Yesterday was day one and it was easy because I had a lot to do after work. It helps that I have been moderating for a while because now I don't think about not having alcohol. Today is Friday and I am looking forward to a sober evening. I have come to really enjoy waking up early on Saturday with energy and a whole day in front of me. As others have mentioned, looking at it from a positive angle rather than a sacrifice has made a world of difference for me.
Totally agree. The feeling of waking up refreshed and ready for the day - especially on a weekend when the days is all yours - really can't be beat. It may be hard to shift our thinking of being AF from negative to positive, but we have to keep reminding ourselves that it really is about freedom.

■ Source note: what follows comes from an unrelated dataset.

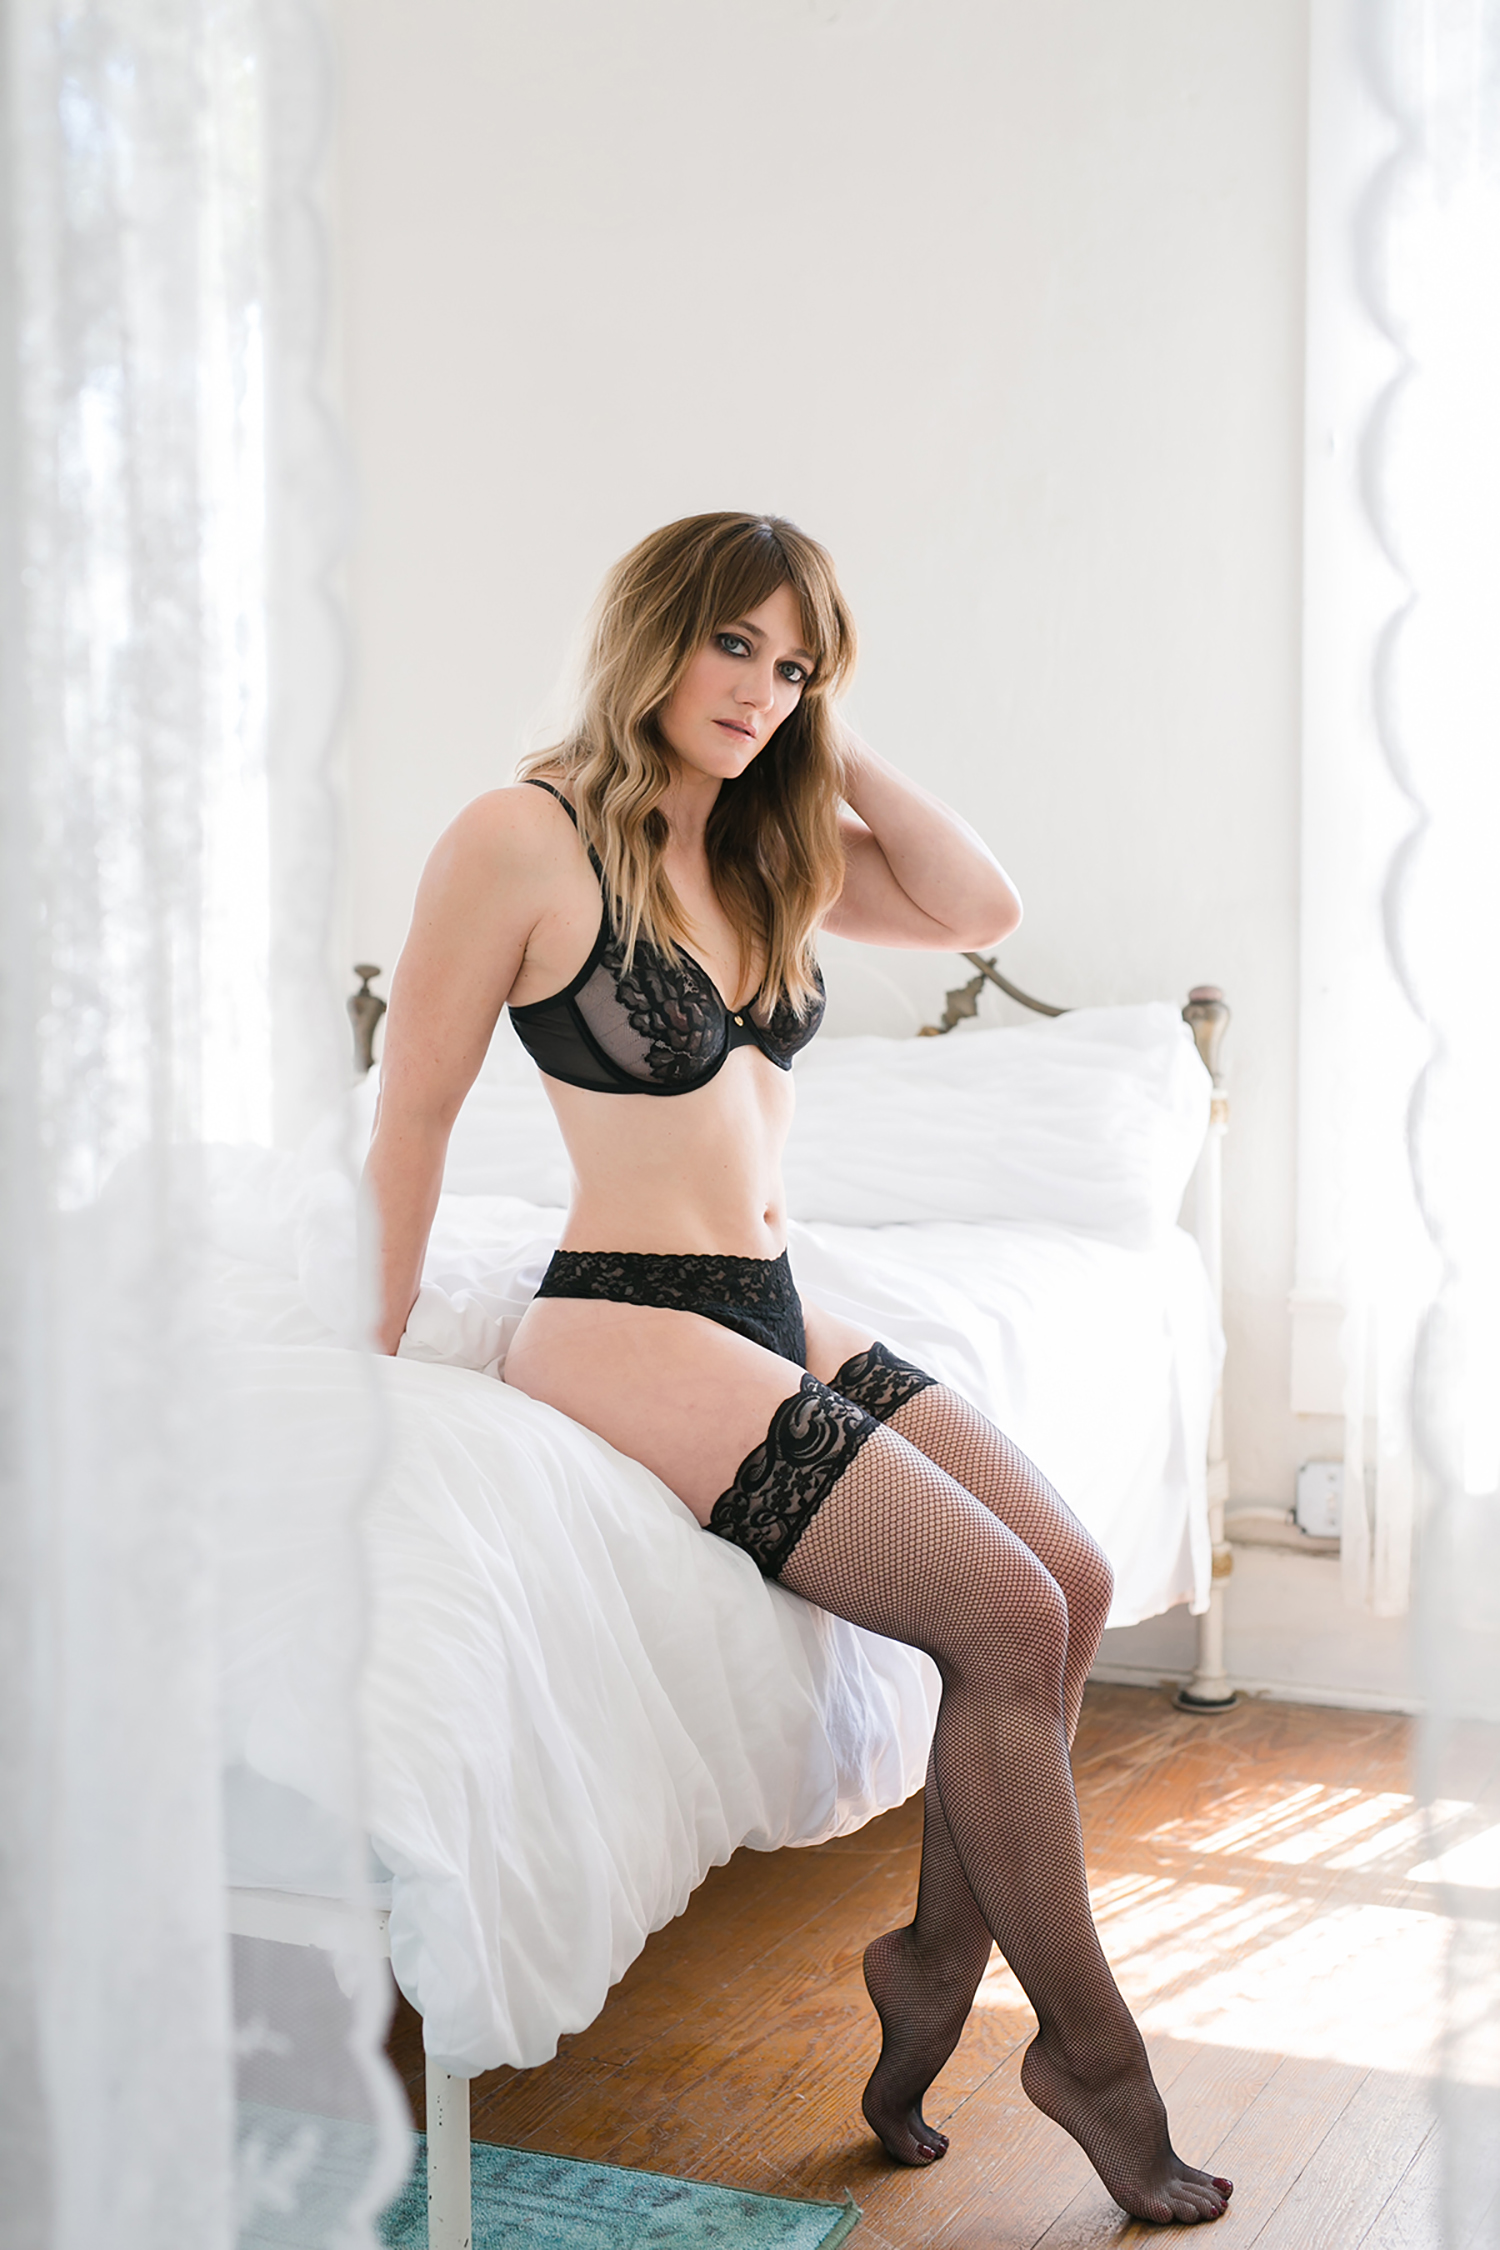 austin-atx-boudoir-artistic-nudes--kbb19.jpg

Now, having said all that, I still find that witching hour tough (for me it's about 5 to 7 p.m.). One thing that works for me is having a distraction or having something to do/somewhere to go that doesn't involve drinking. Tonight, we're off to the movies. The only thing I will be indulging in is popcorn!
I'm with you and @lporter229 ! Waking up on a Saturday morning hangover free is an amazing feeling. I'm going to bed now, but I look forward to waking up after a calm sleep and having that first sip of coffee.2 -
Love this thread and the insight shared by all. It has helped me moderate my drinking and given me a new way to look at it. Instead of thinking "it's been 3 days since I had a drink" I'm focused on the opposite end of the stick, as Abraham would say and think "I'm 3 days af." It feels more like gaining something as opposed to losing. For those that can't moderate and are refraining, it is such a good thing you are doing for yourself and your loved ones. Being married to a 'functioning alcoholic' for almost 20 years I've experienced the harm it does to the alcoholic and to their loved ones. My ex, and other heavy drinkers, miss out on so much of the good in life and, eventually lose their health. I'm so moved by those of you who recognize there is a problem and are working for a better way to go on. My new run, 1 day af.
True, Abraham says focus on what you want and NOT on what you don't want or don't have.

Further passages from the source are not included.